La Buena Semilla: martes 7 noviembre
martes
7
noviembre
Los discípulos, viéndole andar sobre el mar, se turbaron, diciendo: ¡Un fantasma! Y dieron voces de miedo. Pero en seguida Jesús les habló, diciendo: ¡Tened ánimo; yo soy, no temáis!
Mateo 14:26-27
Una página de Orígenes
Lea Mateo 14:22-36

«Si un día somos sorprendidos por inevitables pruebas, recordemos esto: Jesús nos ordenó embarcarnos y quiere que le precedamos “a la otra ribera”. Es difícil, en efecto, para quien no soportó la prueba de las olas y del viento contrario, poder llegar a esa orilla.

Así, cuando nos veamos rodeados por múltiples y dolorosas dificultades, cansados de navegar en medio de ellas con la pobreza de nuestros medios, imaginamos que nuestra barca está en medio del mar, zarandeada por las olas que quieren hacernos naufragar “en cuanto a la fe” (1 Timoteo 1:19).
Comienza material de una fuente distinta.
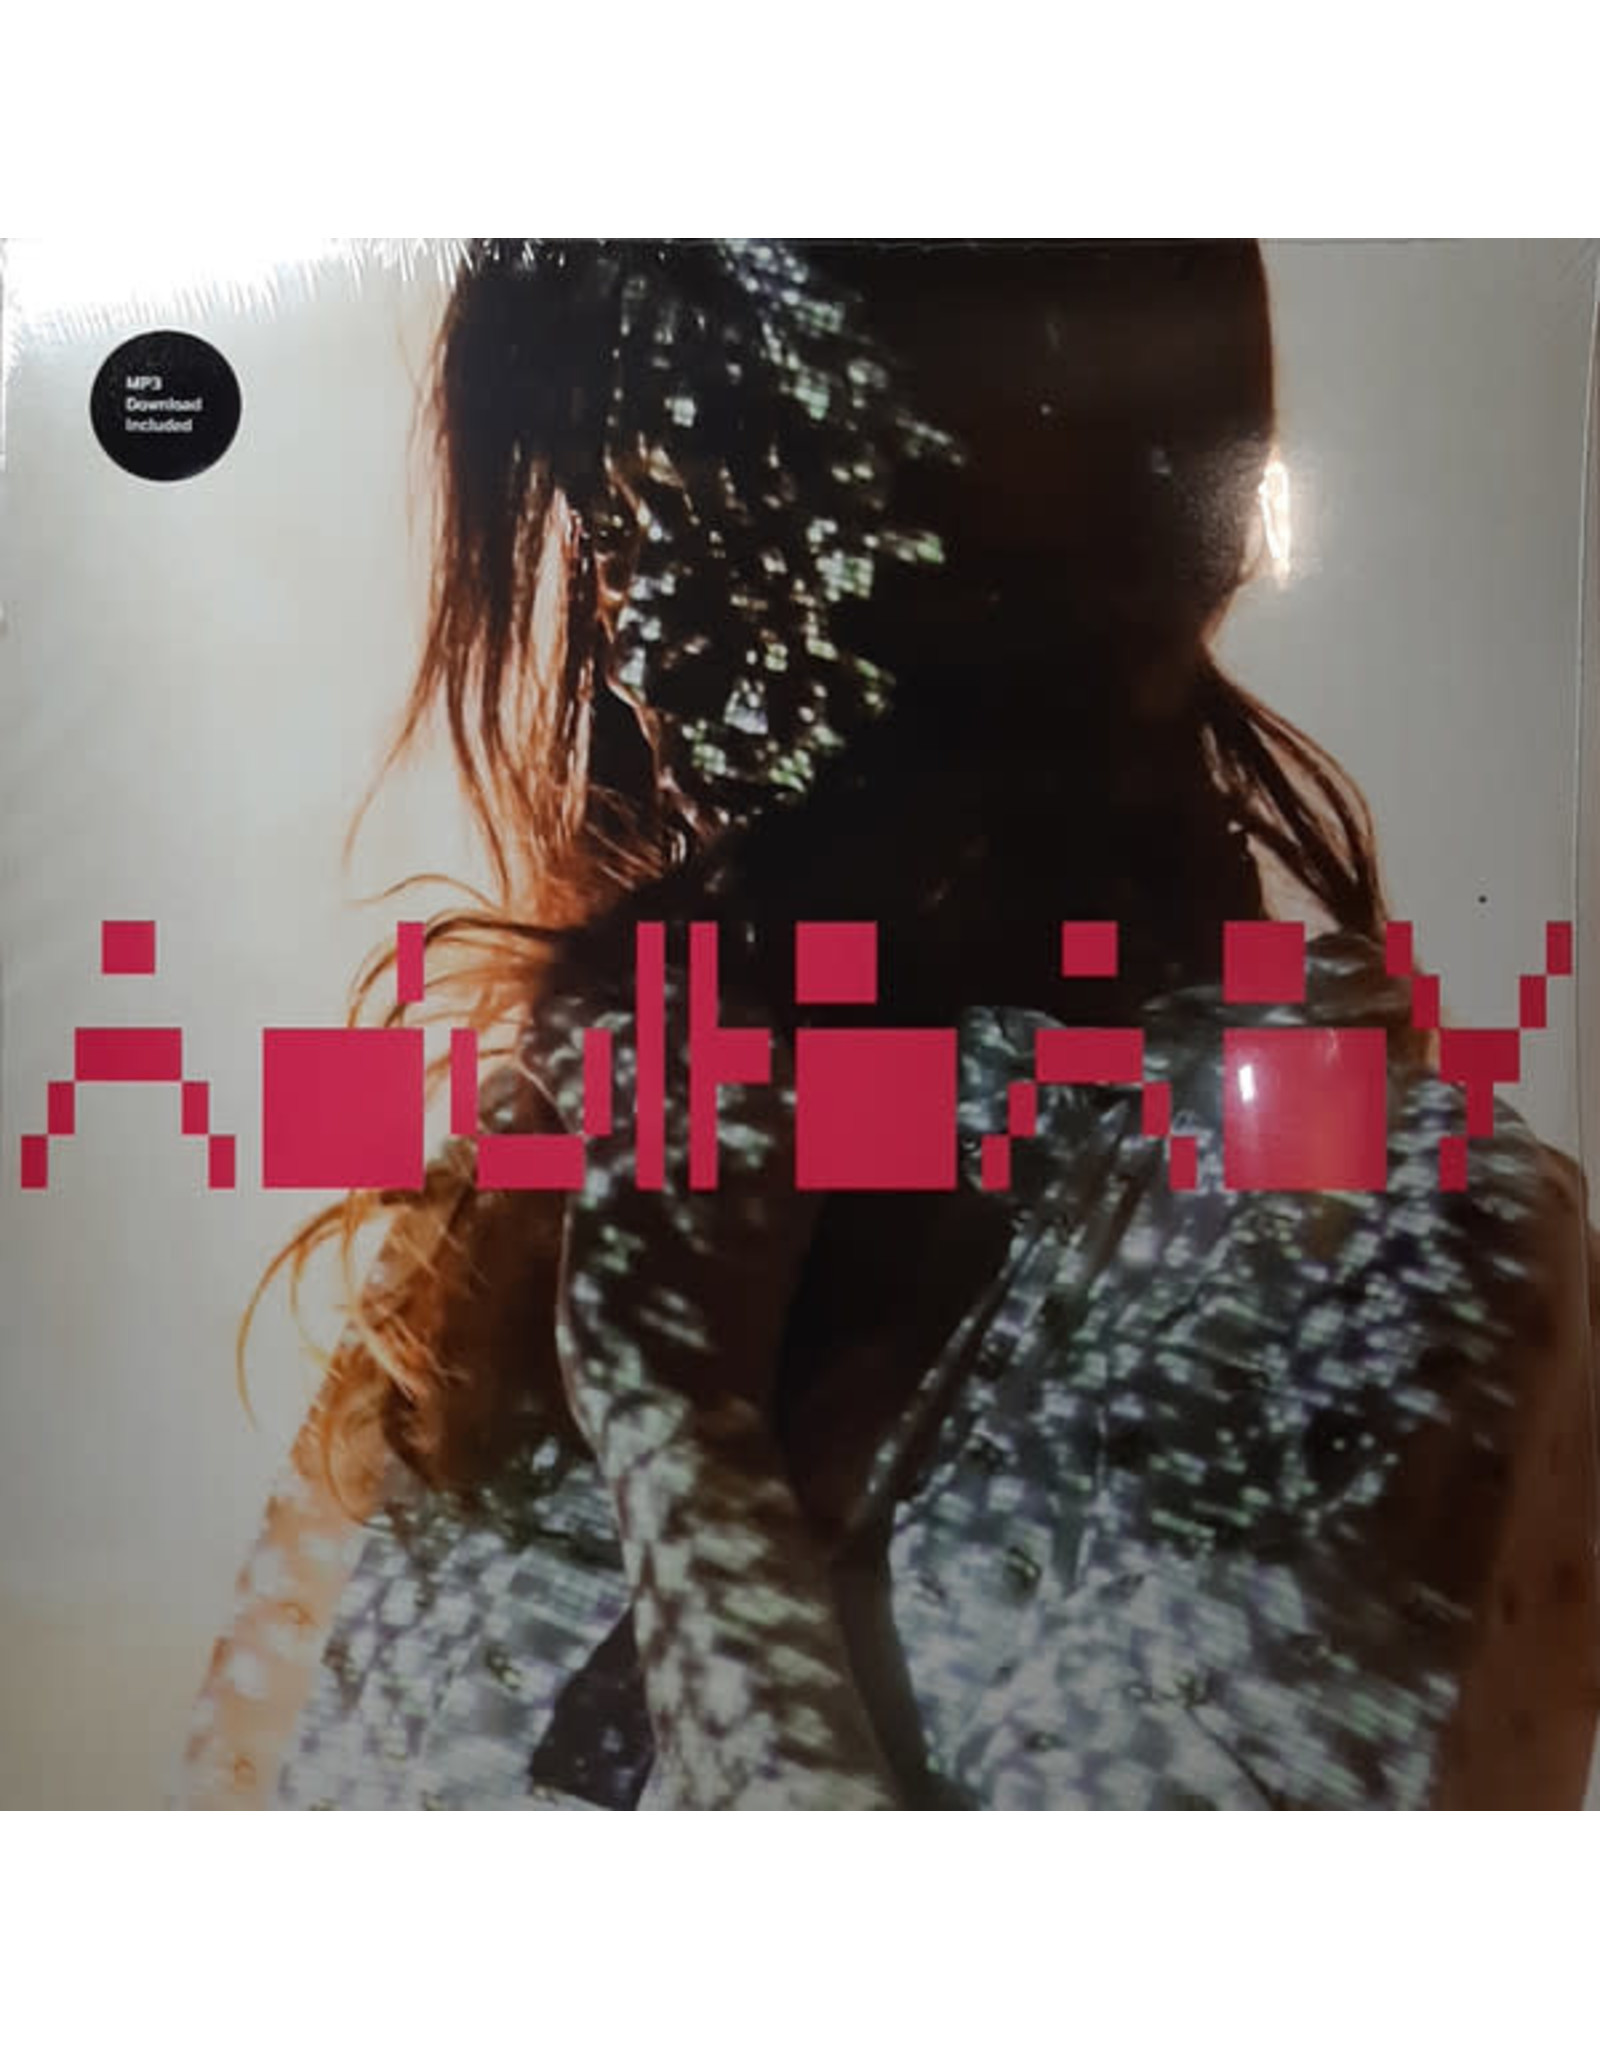 New Vinyl KAZU - Adult Baby LP
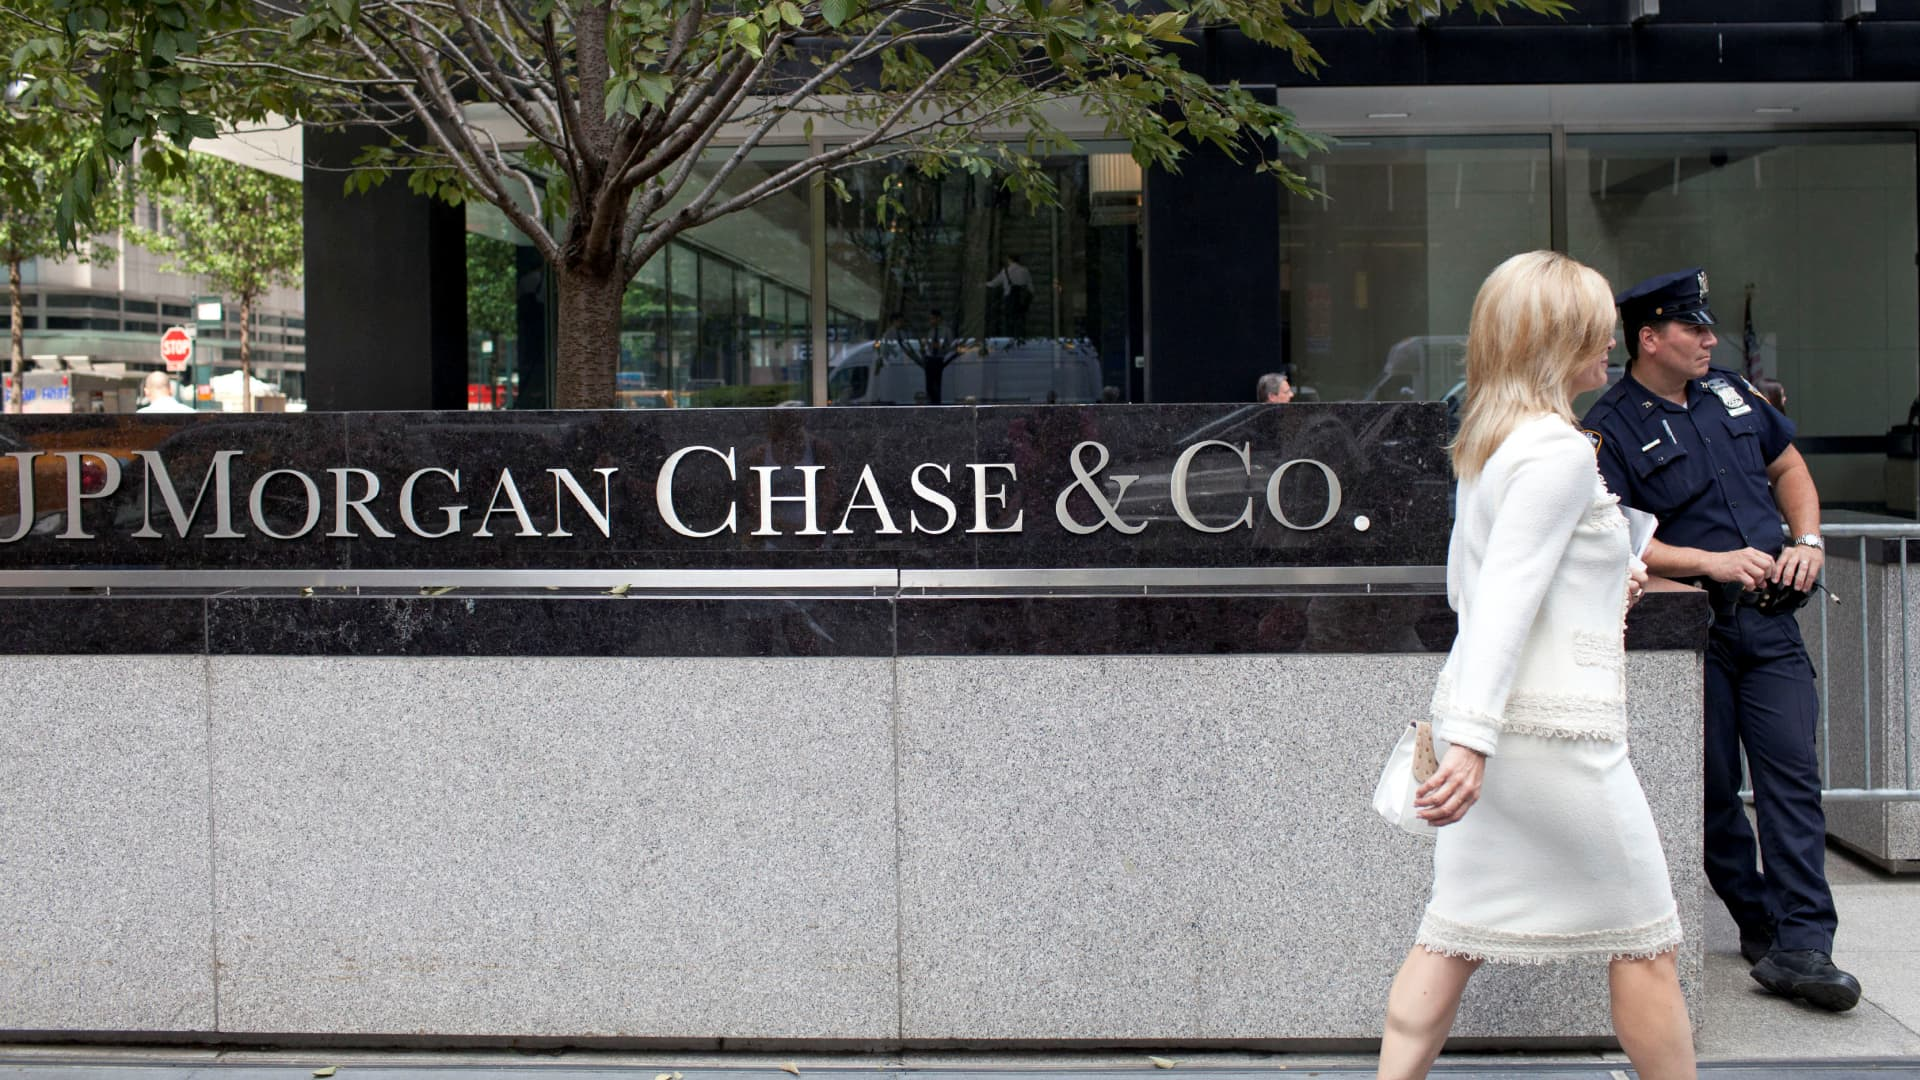 A woman walks past JPMorgan Chase & Co's international headquarters on Park Avenue in New York.

Cuando confrontados a estos sufrimientos hayamos combatido durante largas horas de la oscura noche que reina en los momentos de prueba, cuando hayamos luchado tratando de evitar el naufragio de la fe, estemos seguros de que hacia el final de la noche, cuando despunte el día (Romanos 13:12), el Hijo de Dios vendrá a nosotros, caminando sobre las aguas, para hacer que el mar se calme.

Cuando lo veamos aparecer, quizás tendremos miedo, hasta que comprendamos claramente que es el Salvador que está presente. El viento se calmará; y comprendiendo de qué peligros escapamos, adoraremos a Jesús diciendo: Verdaderamente tú eres el Hijo de Dios».

Orígenes (Alejandría, 183-253)
El Señor “cambia la tempestad en sosiego, y se apaciguan sus ondas. Luego se alegran, porque se apaciguaron; y así los guía al puerto que deseaban” (Salmo 107:29-30).